Another crucial part of the YOLOv3 loss is the Objectness (Obj) Loss. This loss helps the model determine whether an object is present in a particular grid cell. Essentially, it measures how confident the model is about detecting an object in that area.
The Objectness Loss is calculated using a binary cross-entropy loss, comparing the predicted confidence score to the actual presence or absence of an object. A lower loss means the model is better at identifying whether a grid cell contains an object, leading to fewer false positives and false negatives.

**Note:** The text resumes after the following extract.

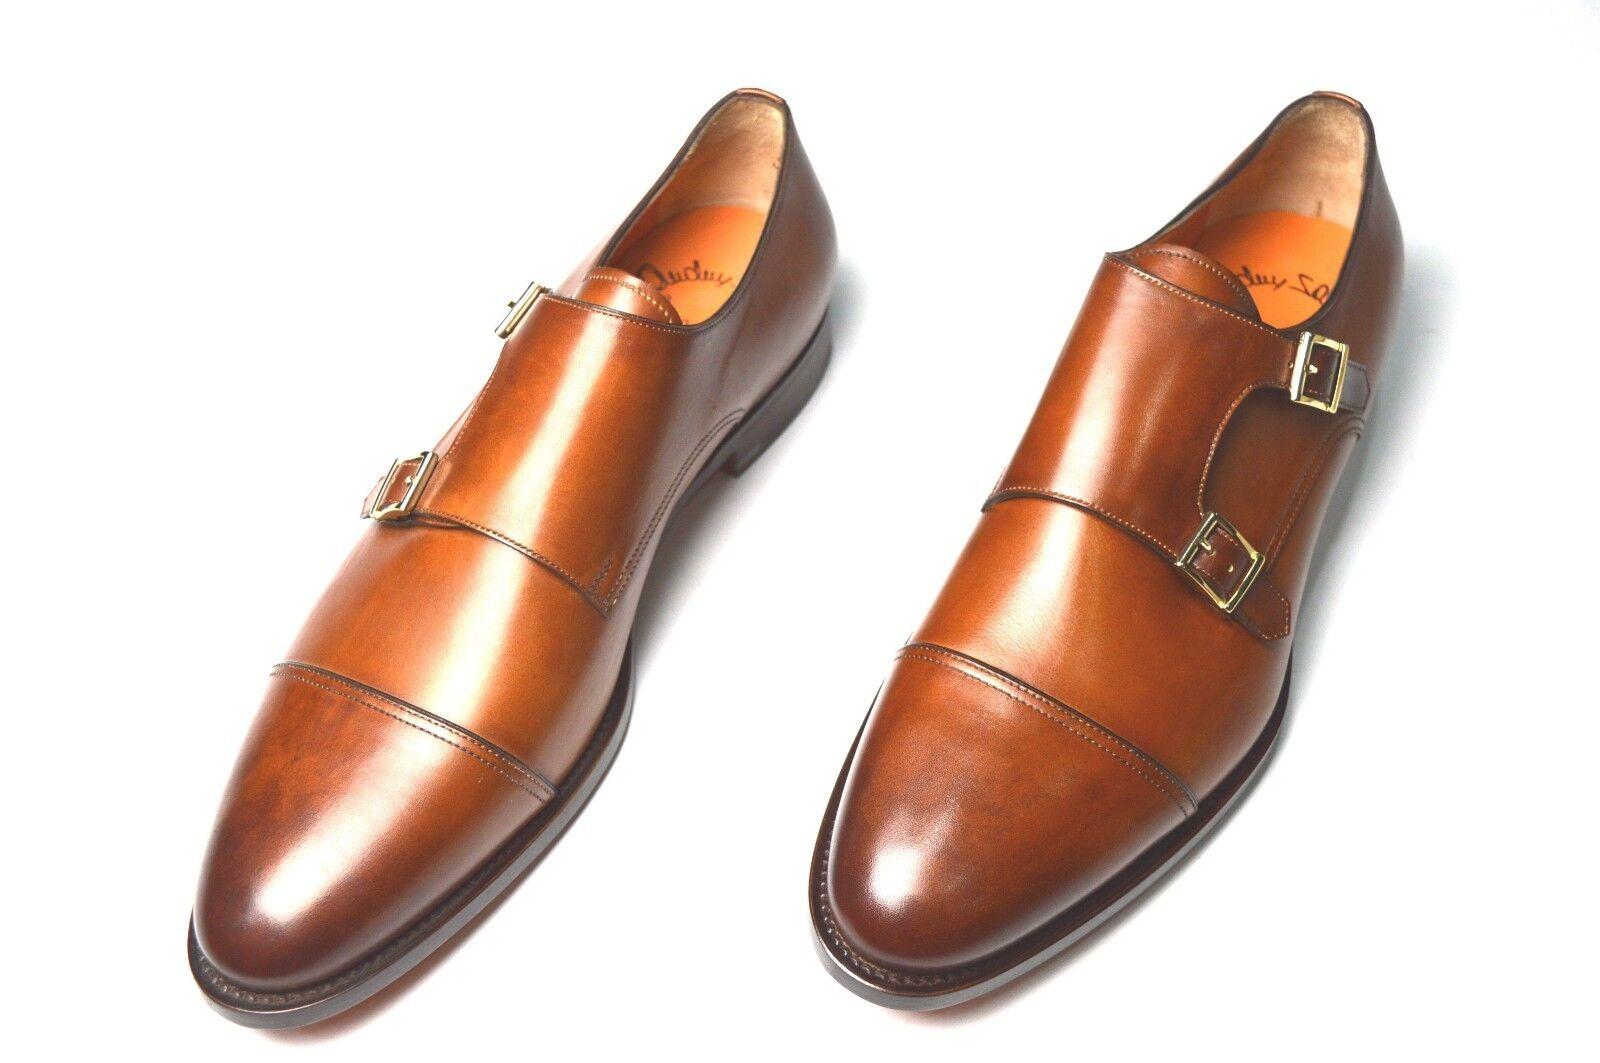 NEW SANTONI Dress Monk Strap Leather schuhe Größe Eu 44.5 44.5 44.5 Uk 10.5 Us 11.5 (1R) 142e84

Here's how the Objectness Loss calculation looks in code:
iou_scores = iou_loss(targets[..., :6], bbox)
adjusted_objectness = tf.squeeze(objectness) * iou_scores
obj_loss_old = self.compute_objectness_loss(obj_mask, tf.squeeze(objectness, axis=-1)) # This only calculates Binary_crossentropy
In this code, the objectness mask (object_mask
) tells the model which cells contain objects and which do not. By applying binary cross-entropy, we encourage the model to give high confidence scores when objects are present and low scores when they aren't.
Minimizing this loss helps the model become more precise, ensuring that it doesn’t detect objects where there aren’t any and improves the overall accuracy of the detection.